Umbridge: I think that's perfectly clear.
Snape(to Malfoy): What we were talking about?
Lucius:  .. Vodka?
Lupin(turns around, grins): Are you two drunk?
Snape:  Potions Masters never get drunk.
Lucius: ahem.. (chuckles)
Snape(glances at him darkly): At least not on cheap muggle alcohol.
(Meanwhile Tonks has physically sat in the chair, but Umbridge won't have it, and rocks the chair back and forth in a threatening manner)
Tonks: HEY! (grabs onto the wicker arms)
Umbridge:  The young should defer to the -
Tonks: -Old and Infirm!?
Umbridge:  MATURE!
Tonks: I was out here first - I don't see you trying to uproot one of these two (gestures towards Snape and Malfoy)
Umbridge:  You are the youngest here!
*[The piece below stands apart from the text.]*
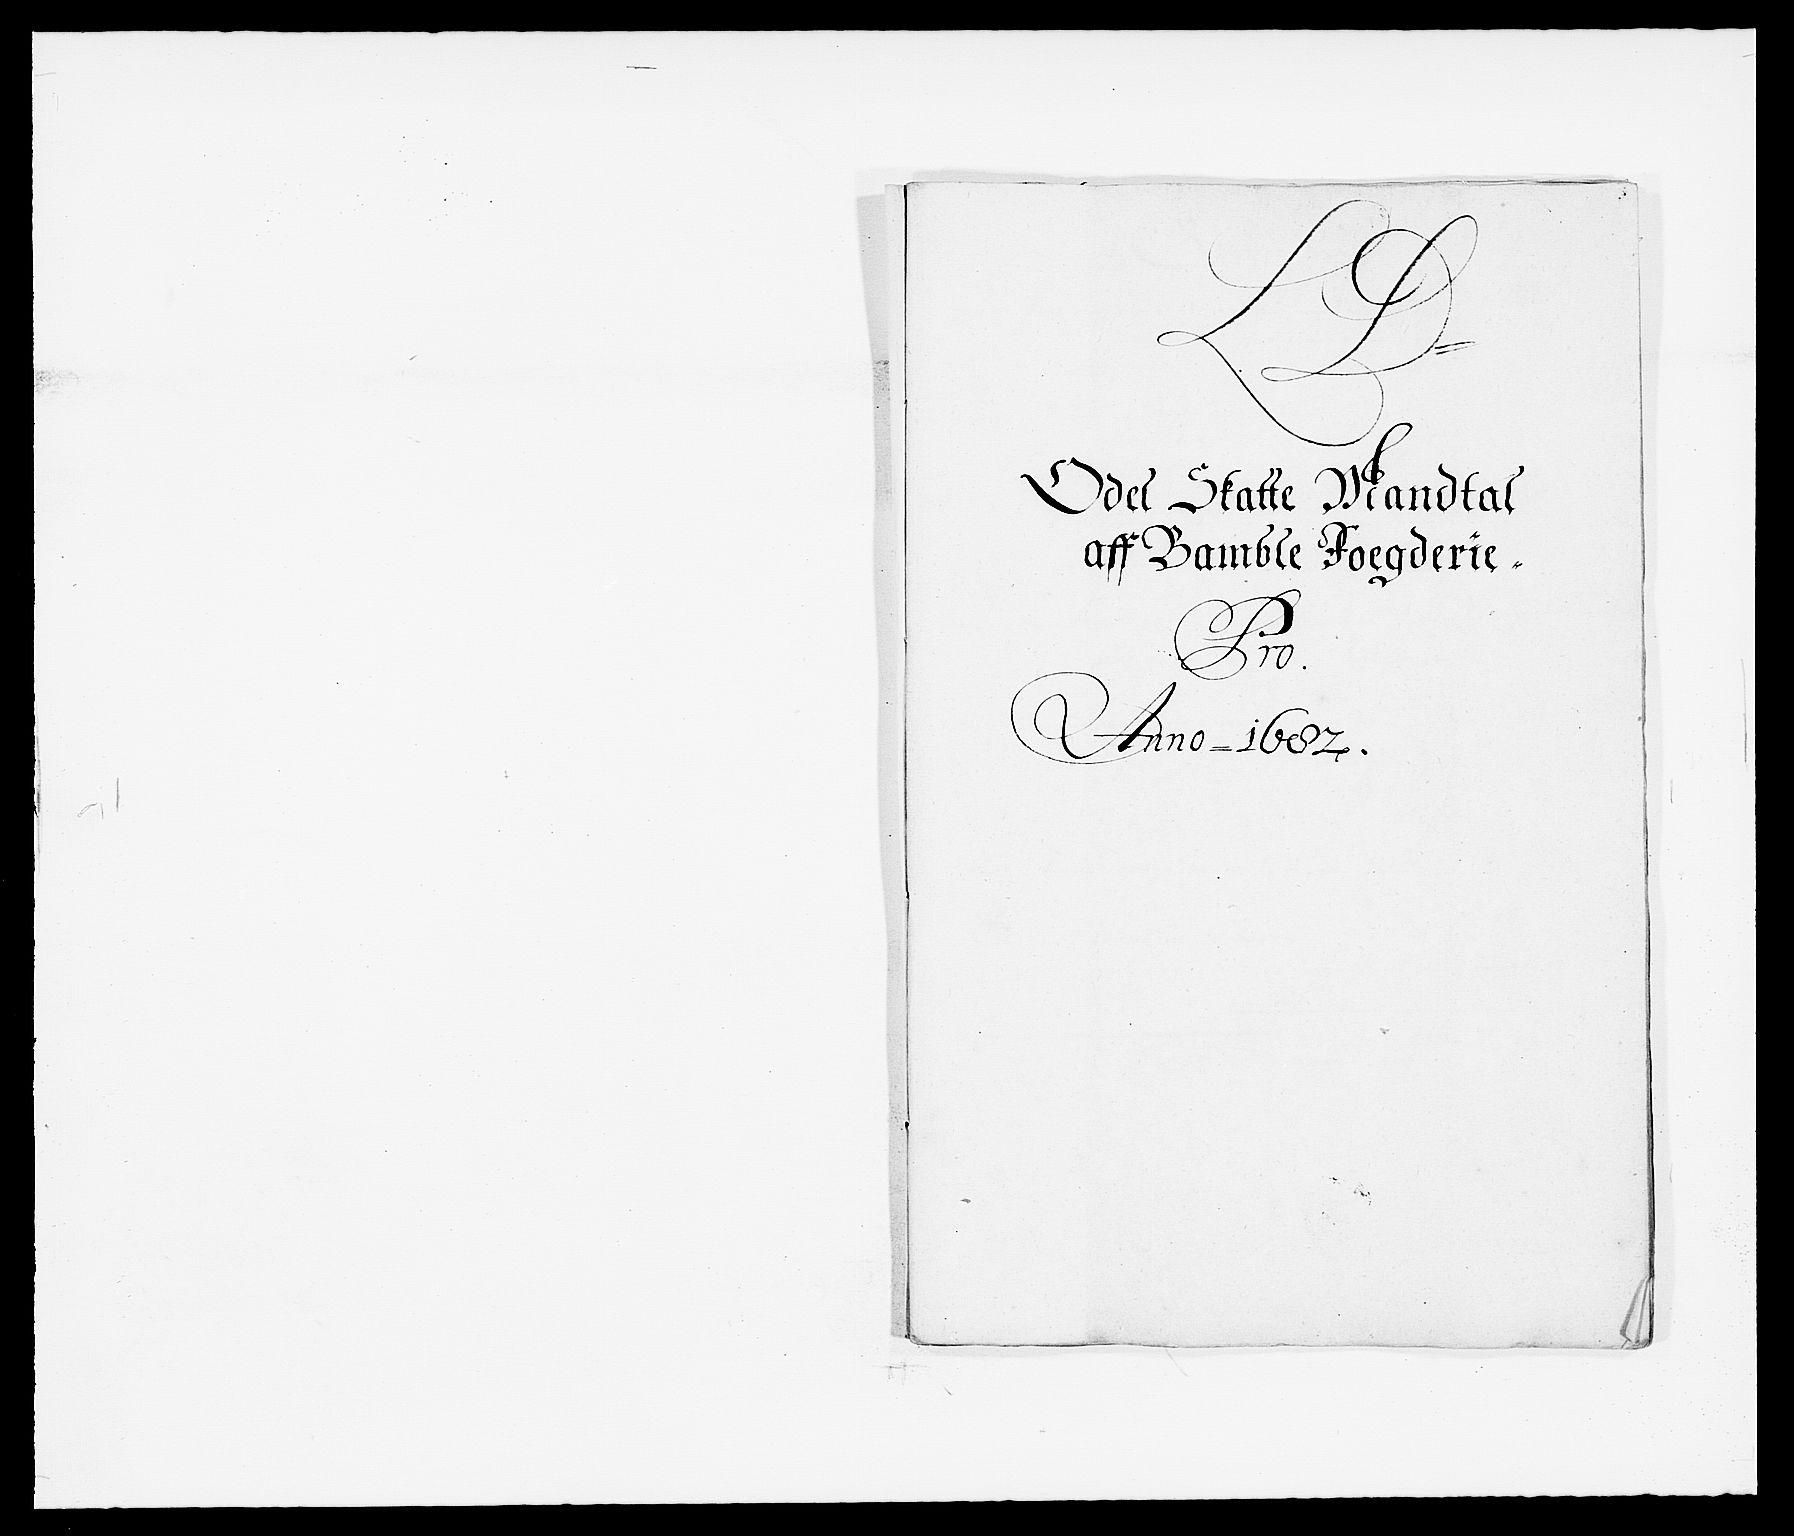 RA, Rentekammeret inntil 1814, Reviderte regnskaper, Fogderegnskap, R34/L2046: Fogderegnskap Bamble, 1682-1683, s. 120

Now - I'm afraid you're just going to have to move! (they get into another struggle as Umbridge attempts to pull Tonks out of the chair - it's quite the match since Umbridge, while "old and infirm," has more brute strength than the iron-willed Tonks.)
Tonks: This is about my SINGING - isn't it?
Umbridge: I don't think we should bring that up right now!!! (tugs at her foot)
(The three men sit/stand by watching in mobid amusement)
Lucius:  Droll entertainment, eh, Severus?
Snape:  Pass that cheap muggle alcohol.
Lupin:  Well, looks like you two are so popular the women are fighting over the last chair next to you.  For my part.. perhaps I have seen more sunsets than I need to.  I'll go find the Scrabble game.  (exit)
Snape:  He's dangerous already and there are still two weeks to full moon.
Tonks:  OWWWW!  That's my HAIR!
Umbridge(girly, high-pitched voice):  Oh was it?? I thought it was part of the upholstery it's such an awful shade of purple!
Lucius:  Let's abscond with the cheap muggle alcohol, shall we?
Snape:  hm, yes. (they leave, and the others continue to fight for a good two minutes before they realize they have cleared the porch)
Umbridge: Hem!  No one's here!
Tonks: You scared them off!
Umbridge(sits - collapses rather - in an empty chair):  I should say, Nyphmadora, such displays of unruly behavior are no way to make friends!
Tonks(rolls eyes and sighs):  Did they take the alcohol?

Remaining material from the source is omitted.